Nel 2009, 13 anni fa, il compianto Gerardo Mazziotti – architetto, scrittore, polemista scomparso di recente – volle fortemente volle scrivere un lungo testo (pubblicato da Denaro Libri) sulla vicenda più assurda complessa e travagliata della storia recente napoletana e cioè sull’includente riqualificazione dell’area occidentale della città resa orfana già 18 anni prima della sua prestigiosa presenza industriale: l’Italsider.



Al volume che ne venne fuori fu significativamente posto il titolo di “Bagnolineide, odissea di una trasformazione urbana”. Erano i tempi di Rosa Russo Iervolino sindaco e di Antonio Bassolino presidente della Regione. Ad angustiare specialmente l’autore dello scritto era la faccenda della colmata a mare che alcuni politici e professionisti avrebbero volentieri lasciato lì dov’è ancora mentre si sarebbe dovuta rimuovere e sversare altrove.



Facendo i conti, sono più di trent’anni che si parla di bonifica e rilancio di uno dei luoghi più belli e suggestivi del mondo, scelto nel 1994 su spinta di Francesco Saverio Nitti per dotare l’antica capitale del Regno – come sempre a corto di posti di lavoro qualificati – di un presidio manifatturiero in grado di sollevare il livello economico della popolazione. Tra alti e bassi la produzione consente di impiegare fino a diecimila caschi gialli.

Nel 1991, dopo dolorosi tira e molla tra chi voleva salvaguardarne l’esistenza e chi ne voleva la chiusura, l’impianto smette ogni attività per essere smantellato e venduto a pezzi all’estero. Si disse che la fabbrica era in perdita e che non c’era più bisogno del suo acciaio anche se molti dubbi s’addensarono su questa affermazione e qualcuno più tardi riuscì a dimostrare che non era vero. Lo stabilimento napoletano fu suicidato.



Gli ambientalisti gioirono perché in effetti quel complesso di altoforni inquinava e aveva tolto alla cittadinanza la fruizione di mare e spiaggia. Il luogo si prestava a ben altri insediamenti (ah, il benaltrismo…) e infatti si ipotizzò di farne un paradiso per il turismo, le imprese ecologiche, i servizi avanzati. Senza dimenticare ampie macchie di verde utili anche a riequilibrare il rapporto tra cemento e alberi troppo favorevole al primo.

Come si sa, tutte queste promesse non sono state mantenute. Nei tre decenni successivi all’agonia dell’Italsider si sono susseguite amministrazioni pubbliche, idee, proposte, inchieste giudiziarie e fantasie che hanno lasciato i luoghi nella condizione pietosa che si può ammirare. La stessa condizione che nel 2003 consigliò al comitato organizzatore di scegliere le acque di Valencia come teatro della Coppa America di vela.
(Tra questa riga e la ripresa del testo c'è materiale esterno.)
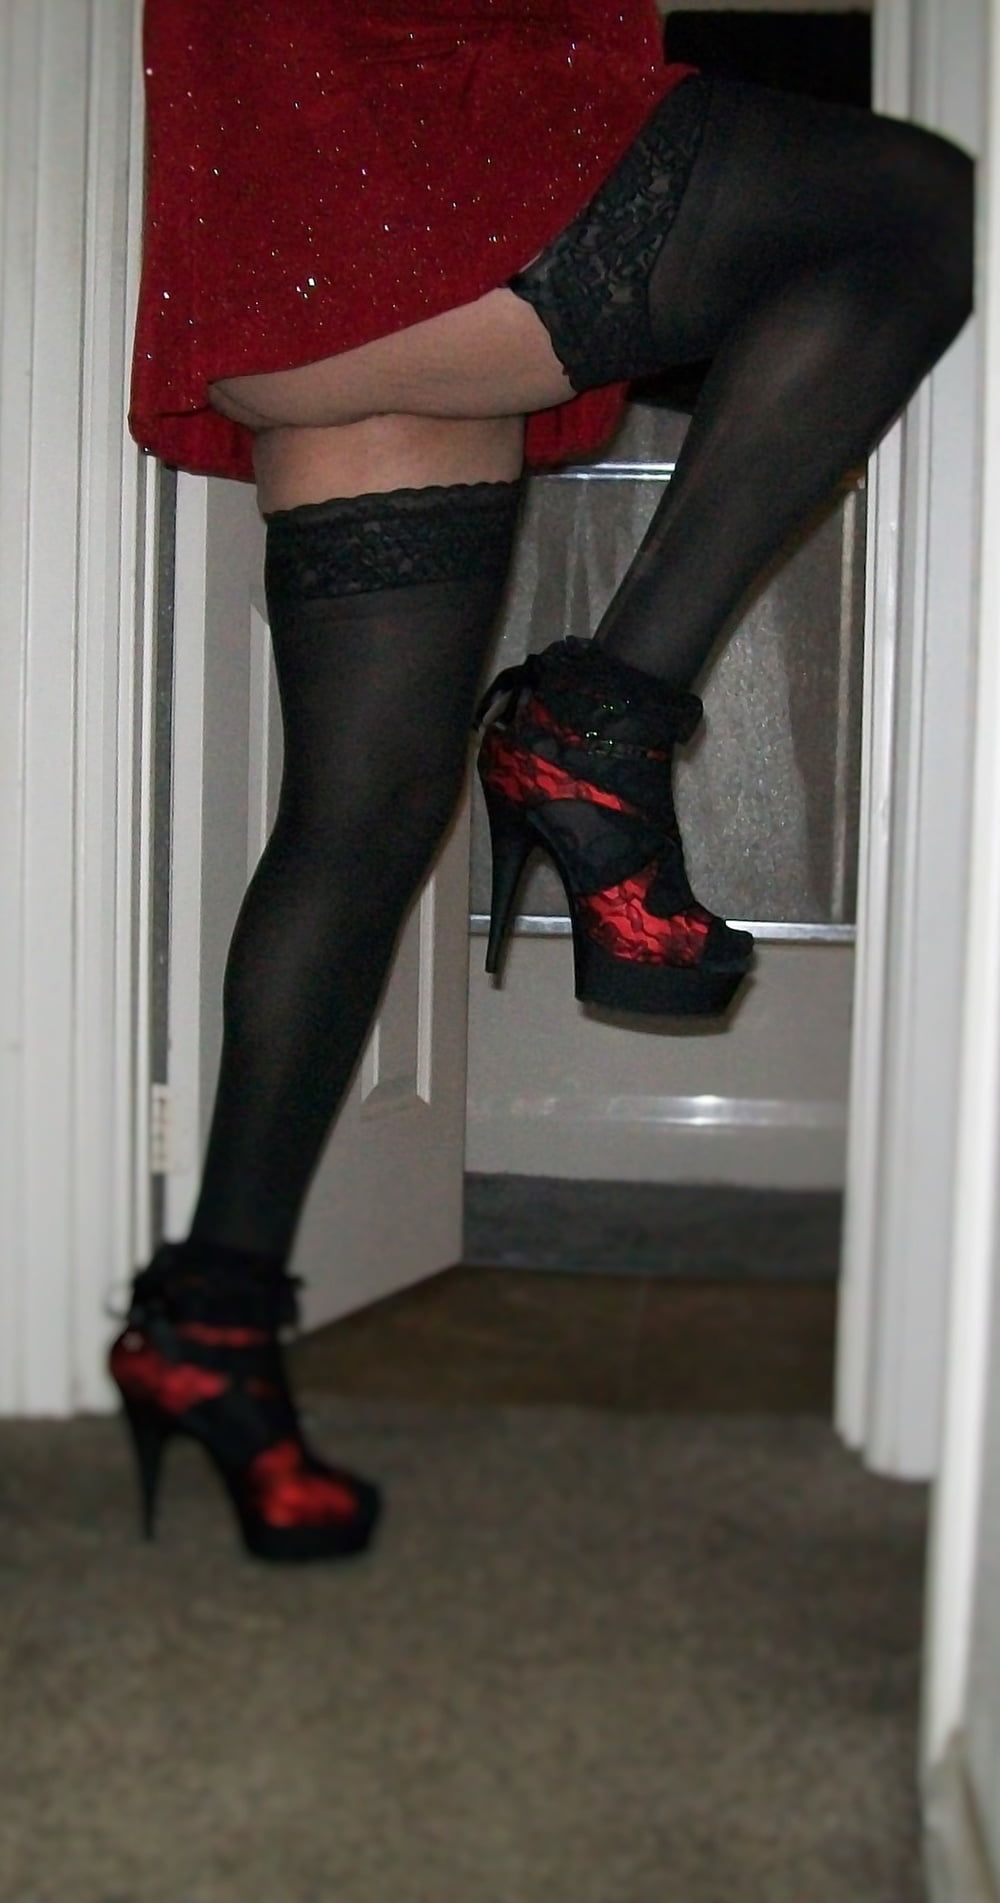 Me and my sexy new heels #2

Insomma, così tante le occasioni sprecate in un territorio benedetto dal Signore da far dubitare delle capacità di tutti coloro che nel tempo si sono cimentati con il compito di sanare la ferita urbana inferta con l’asportazione dell’insediamento siderurgico. E l’Odissea descritta da Mazziotti nella convinzione che si fosse alle ultime battute e che si potesse finalmente trarre una conclusione, seppure amara, continua ancora oggi.

La storia del Mezzogiorno è la storia di Bagnoli, cioè delle eterne incompiute. Quando ci sono le soluzioni mancano i soldi e quando ci sono i soldi mancano i progetti. Quando ci sono soldi e progetti mancano gli strumenti di legge. E quando sembra esserci tutto spunta un veto. E quando anche il veto appare superato interviene la magistratura a gamba tesa. E il tempo passa indifferente spargendo illusioni e regalando delusioni.

Non ci si può meravigliare che un campo di coltura come questo sia l’ambiente ideale per far prosperare la criminalità, sempre più diffusa e meno organizzata, e incentivare l’opportunismo. Compreso quello delle centinaia di migliaia di persone che si aggrappano al Reddito di cittadinanza anche se non ne avrebbero diritto. La fiducia nell’assegno facile è più forte di quella che si fonda su prospettive di sviluppo che restano sospese.